The Practice of History is a 1967 book by the historian Geoffrey Elton published by Fontana Books. It is an examination of Elton's ideas of how history is, and should be, written.

==Content==
Elton's analysis of the historical method is one that is founded upon certain clear and fundamental principles and ideas that he thought lay behind history on the one hand and the construction of narrative by the historian on the other. Primarily this included the notion that the historian reconstructed events and phenomena that had actually occurred in objective reality through the process of rigorous analysis of documentary sources. Historical facts themselves are, therefore, conceived as being independent of the observer rather than being affected and coloured by the perspective adopted by the observer. Elton's focus is emphatically upon history as a series of events rather than states as the foundation of his concept of what constitutes historical facts.

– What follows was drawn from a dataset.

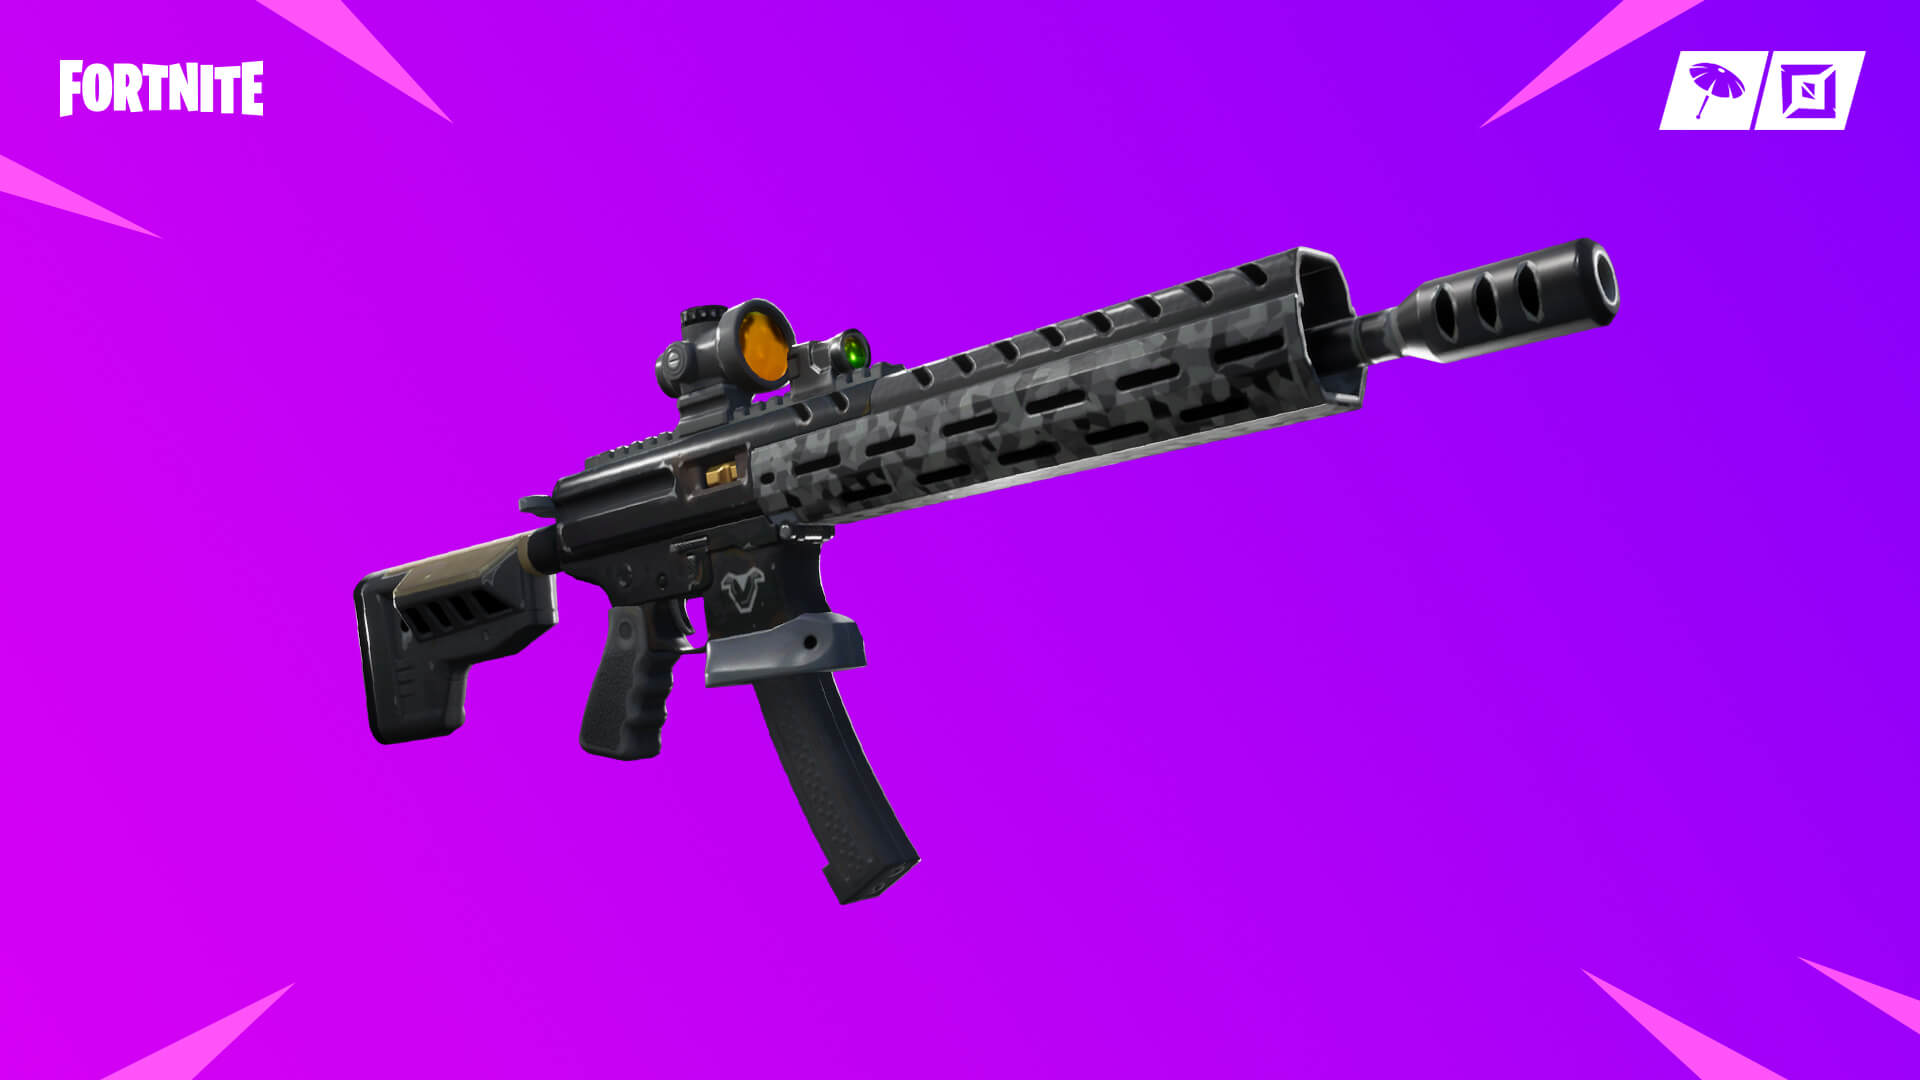 Fortnite patch notes v9 01 br header v9 01 00BR Weapon TacticalAssaultRifle Social 1 1920x1080 5ce8461cb28de23166b991fc38967aa846148fbe

Elton does not theorize that absolute objectivity is possible and argues instead that there are limits to historical knowledge (he even goes as far to admit that "for the greater part of history we shall always know very little or nothing concerning such things"), but is adamant that the vocation of the historian is to attempt to manifest the reality of the past as well as possible, given his view that there exists a "dead reality independent of the inquiry." Elton also argues that it is important to follow certain key principles in writing history, such as the process of putting questions to past documents which do not manifest bias towards an answer that is already in mind, or the bearing in mind that people living in the past did not have the benefit of hindsight that the historian himself has.

He also argued in favour of a general focus upon a political and constitutional history of Britain by British historians, as opposed to the rising forces of social, cultural and postcolonial historiography in his own time period.

Elton's work contrasts with the ideas of other historians such as E. H. Carr, whose views of the historical process Elton saw as being characterised by a dangerous relativism.

Elton proposes that historical scholarship is akin to a form of craftsmanship, with young scholars needing to undertake an apprenticeship in order to learn the process (or techne). In particular, the skill that is required is that of explaining historical change, and the deducing of consequences from disparate facts.